Ефим сидел на крыльце.
— Охота на воздухе сидеть, спать не охота, — отвечал Ефим, а у самого веки не поднимаются, в глаза будто кто песок насыпал, так мучительно хотелось спать после изнурительной дороги.
— Может душно, так ты окно открой, — посоветовал заведующий.
— Дом — не чум, завсегда в нем дусно, — извиняюще оказал Ефим. — Непривычный мы народ к домам.
— Дащдто поделаешь, — вздохнул Лабазов, с горестью тогда подумав о том, что надолго расстался он и с удобствами чума и с чистым воздухом тундры.
Так и просидел Ефим первую ночь в большом городе на черном крыльце Дома Крестьянина.
На другой день, когда солнце уже палило крепким зноем, Ефим отправился в столовую. Кусок оленины, к которому он из-за морской болезни так и не притронулся, в тепле загнил. Хотелось есть. На него, укутанного в меха, все оглядывались, но малицу снять не смел: под нею изодранная старая рубаха, а люди в городе такие чистые и аккуратные.
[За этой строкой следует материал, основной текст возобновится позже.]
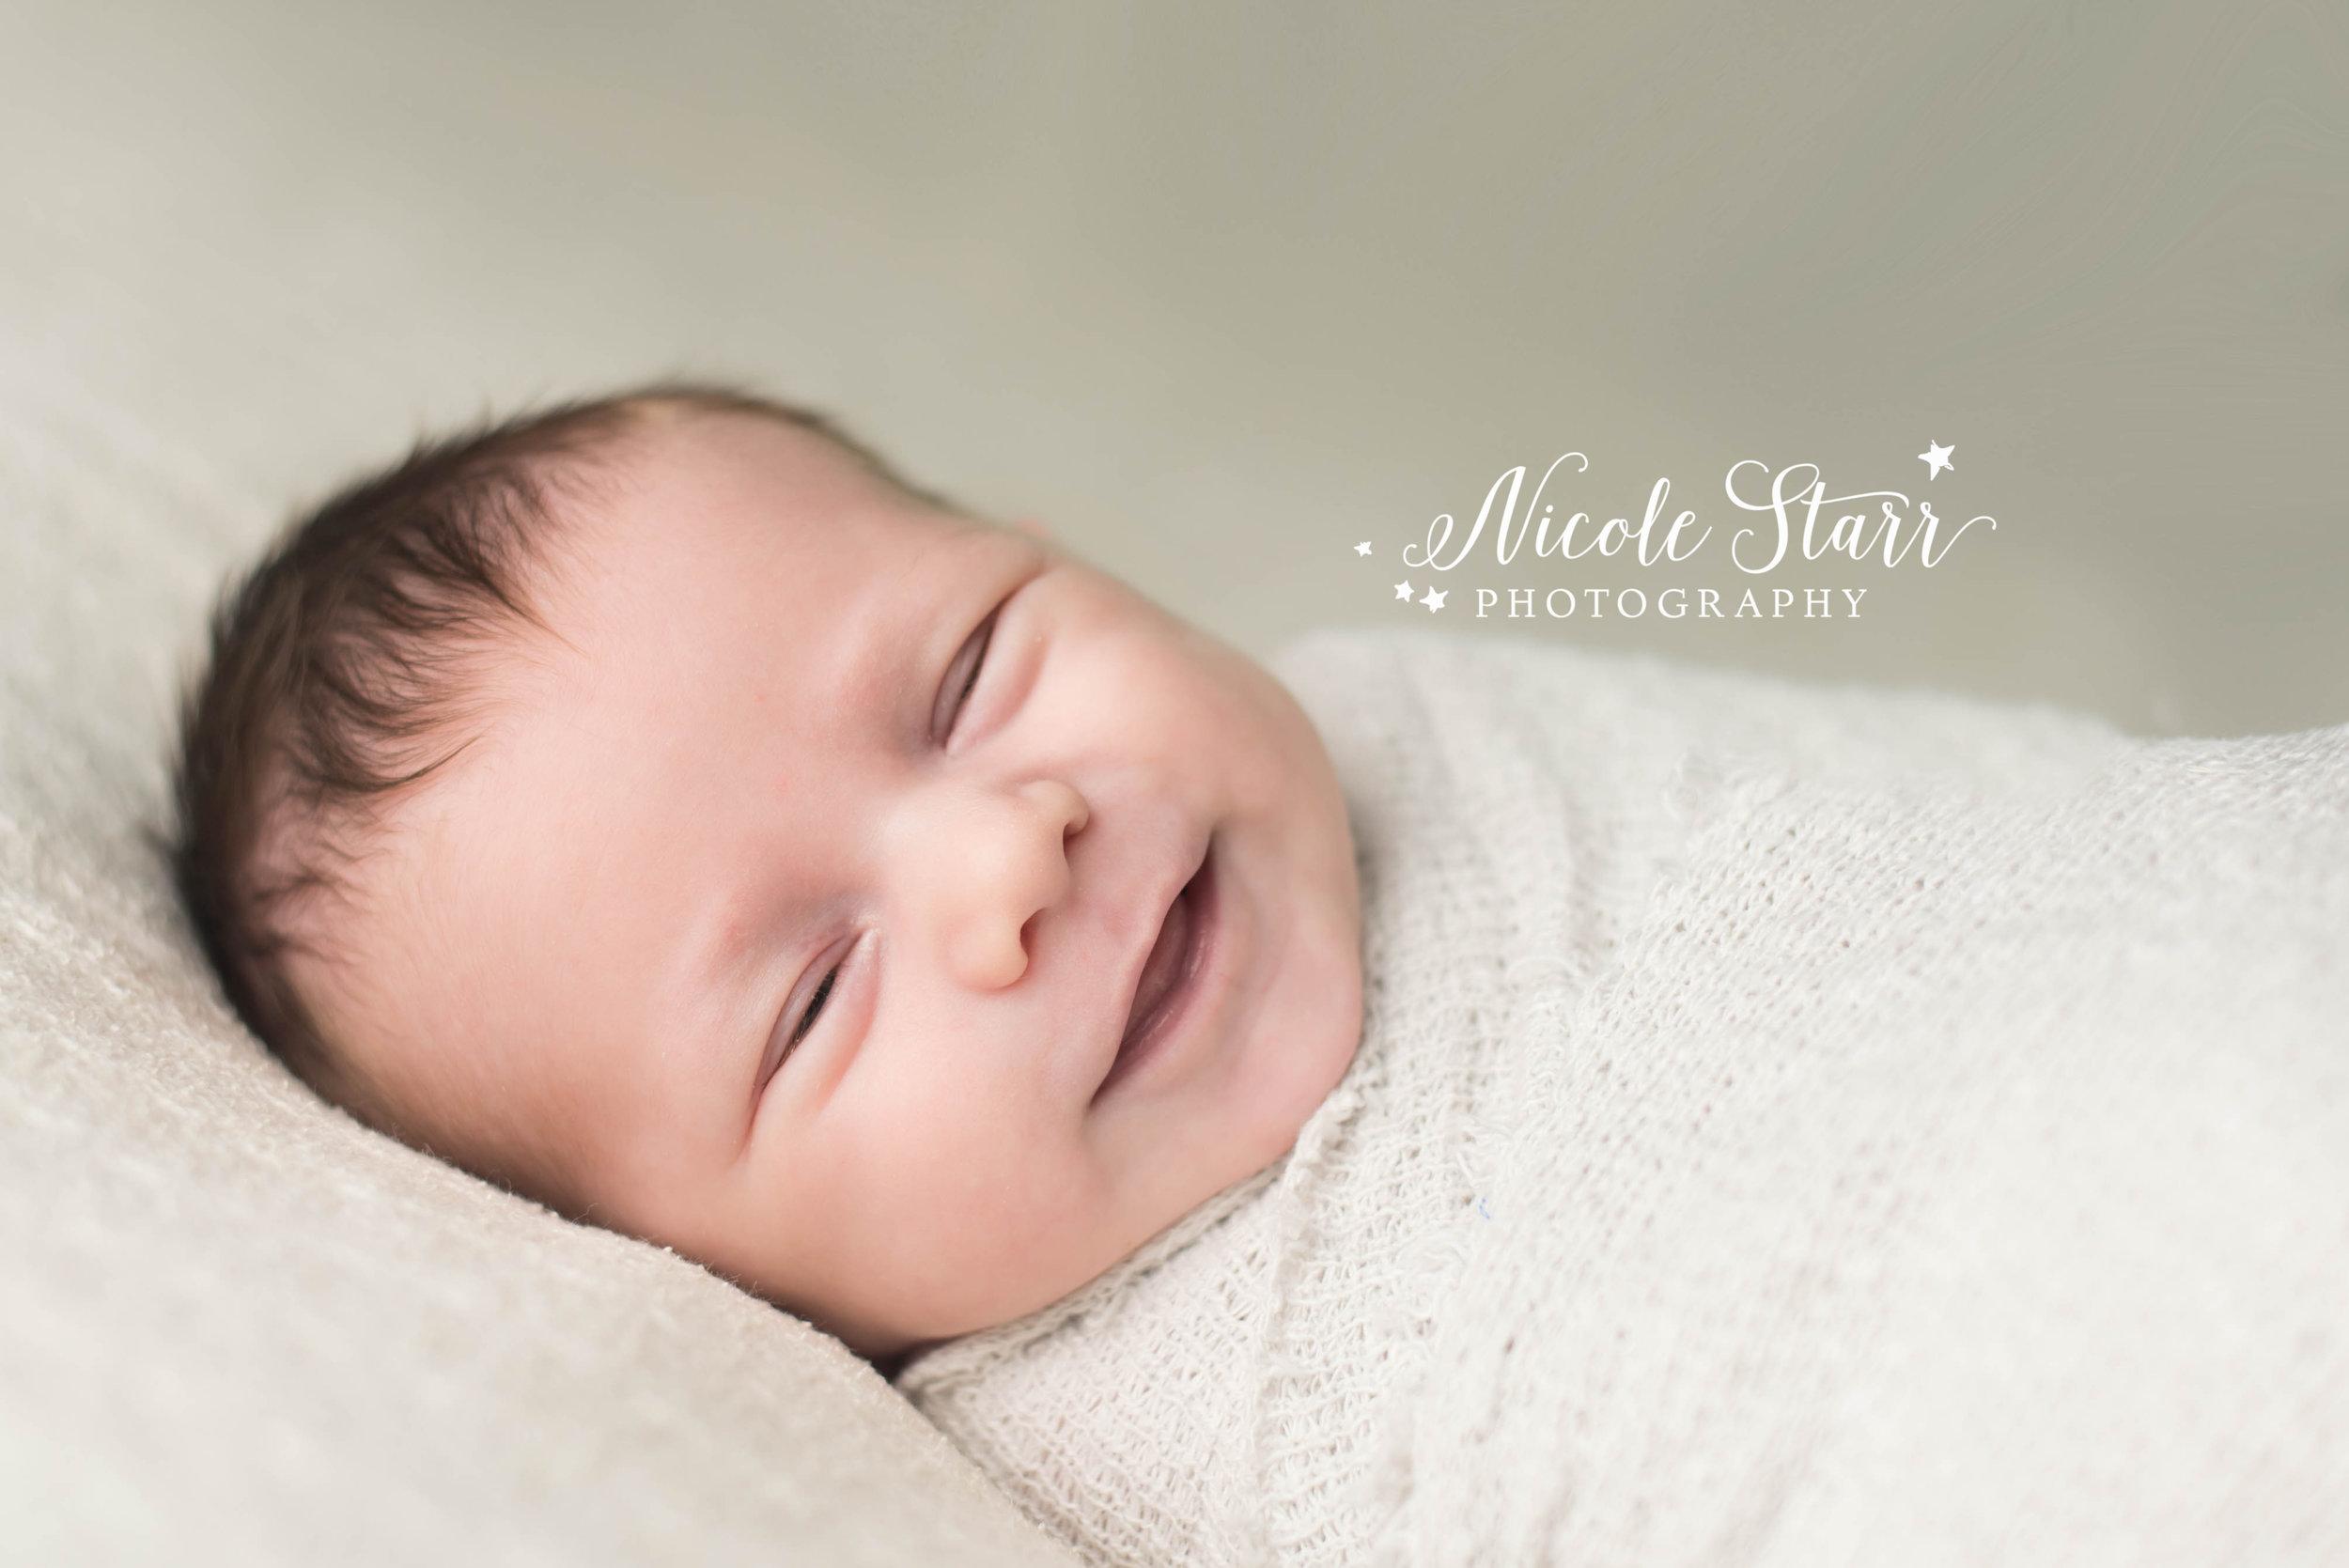 WM nicole starr photography-28.jpg
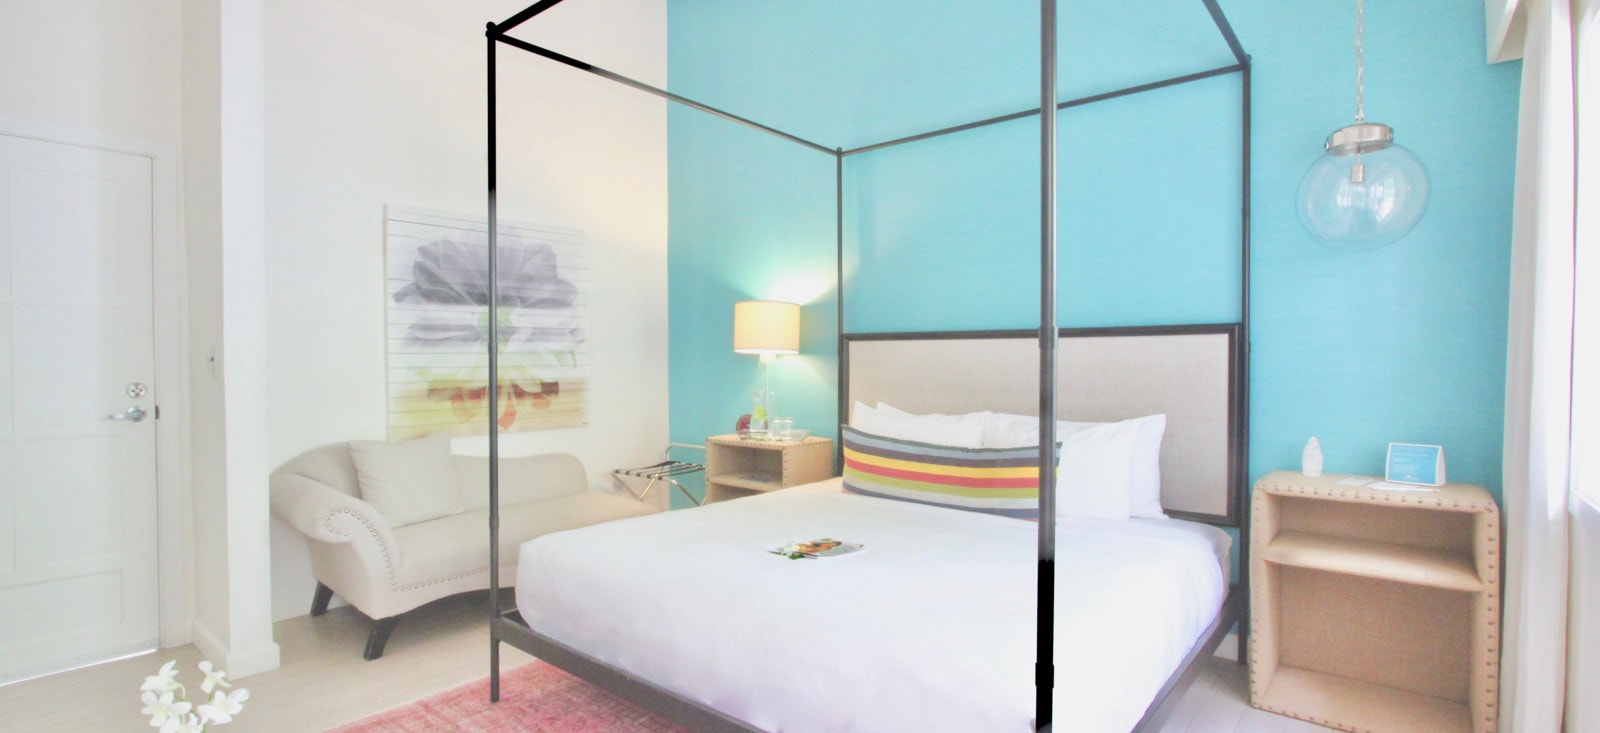 deluxe-room-guapinol-2_2_orig.jpg

В столовой, где чаевали за столиками извозчики и люди неопределенных занятий, Ефим, положив на скамью шапку, стал к кассе за талонами. Когда вернулся к столу, шапки не оказалось. Ефим растерянно спросил у сидевших: «Куда она ушла?» Дареную пыжиковую шапку украли.
— Краденое не в пример дешевле купленного, — размахивая кнутовищем, покатывался краснолицый извозчик.
Ефим не понимал, что же смешного в его несчастьи. Ему было очень стыдно за человека, взявшего чужую шапку. «В тундре везде кладем, как можно так?» — огорченный первыми впечатлениями от людей города, думал Лабазов.
— Это тебе, мил дружок, не Самоедия, тут на ходу подметки режут, — деловито заметил человек в закапанной известкой блузе.
— Людоед аль аскимос какой? — делал вслух предположения бородач, сидевший за соседним столиком и с любопытством разглядывавший ефимову малицу.
— Я, товариси, ненець! — вспыхнул Ефим.
— Смотри: немець! Можа хранцуз? — надрывались извозчики.
Овощная пища, как сено. Особенно противна свекла. «То ли у нас: и оленина парная, и оленина мороженая, и омуль, и дикие гуси…» — мечтал Ефим. — «Плохо мне будет. Но, может, всем, кто хочет учиться, бывает худо?» Подали чайник. «Разве это чай?» Ефим вынул из кармана свою пачку и засыпал по-тундровому, чтобы был густой. «Здесь воду льют, а не чай».